Interviewer: Was there some technical problems there? What was it that had stumped you?”
Hemingway: Getting the words right.
—Paris Review INTERVIEW

Several composers whose music I love reworked some of their compositions over periods lasting years. Berlioz, for example, based his Damnation of Faust on a work he had written 17 years earlier. Tchaikovsky completed the final version of Romeo and Juliet 20 years after the premiere of the first.

Such long-term decisions to revise usually stem from an obsessive pursuit of eloquence. From a rhetorical viewpoint (see Artful vs Plain) getting your language “right” is essential—the particular way something is expressed is an integral aspect of its content.

Over the years I have discarded numerous early compositions and revised several others. Composing stage works with plot considerations increased my ability to reconsider the structural organization of my works, as well as the dramatic impact of individual passages. I learned from working with experienced writers and directors that in the theater you need to be willing to search pragmatically for “what works.” Time spent working with them has helped me better hear my works as perceptual experiences.

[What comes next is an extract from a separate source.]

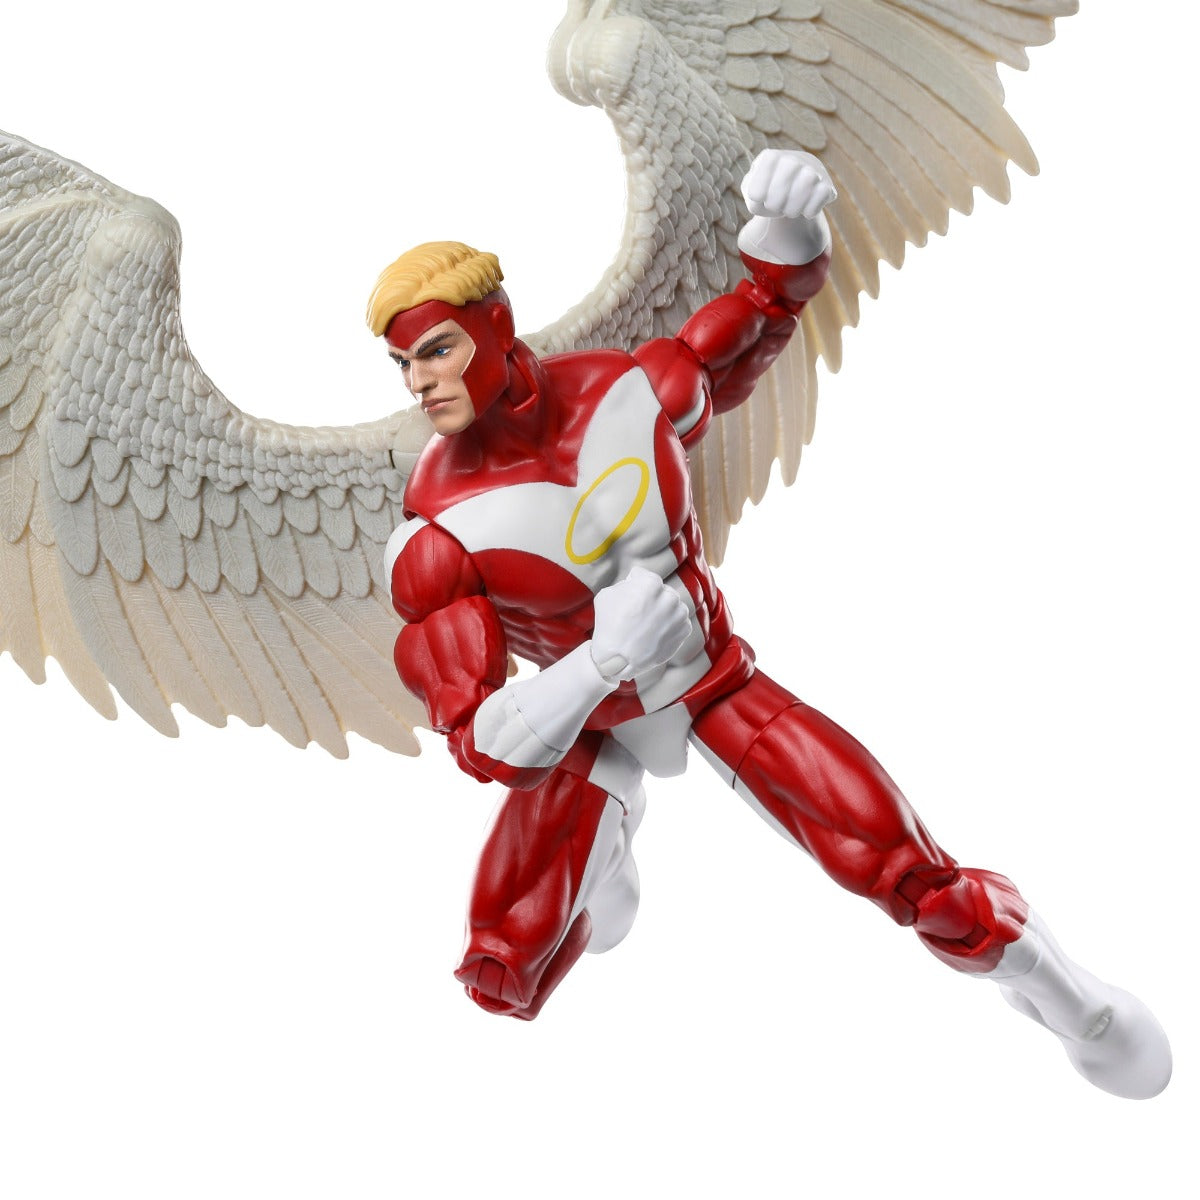 Marvel Legends Series Marvel's Angel, Deluxe X-Men Comics Collectible 6-Inch Action Figure

It is almost frightening to realize how much our larger impressions can be changed by simple changes of detail—by shifting the placement of an element, or by making a subtle change of orchestral texture. In The Creative Habit Twyla Tharp relates that director Mike Nichols once asked Jerome Robbins how to fix a stage scene that was failing to get laughs. Robbins watched the scene and then told Nichols to change the color of a towel hanging at the back of the stage from white to yellow. Incredulous, Nichols made the change, and every night after that the scene got laughs.

Having gained more experience as a composer, and having adopted a more rhetorical approach to composing, I sometimes hear that some aspect of a passage in an earlier work is not contributing to the desired overall impression. If so, I usually revise that passage. Figuring out how to get the sounds right so that the passage “works” can be a challenge, but worth whatever effort it takes.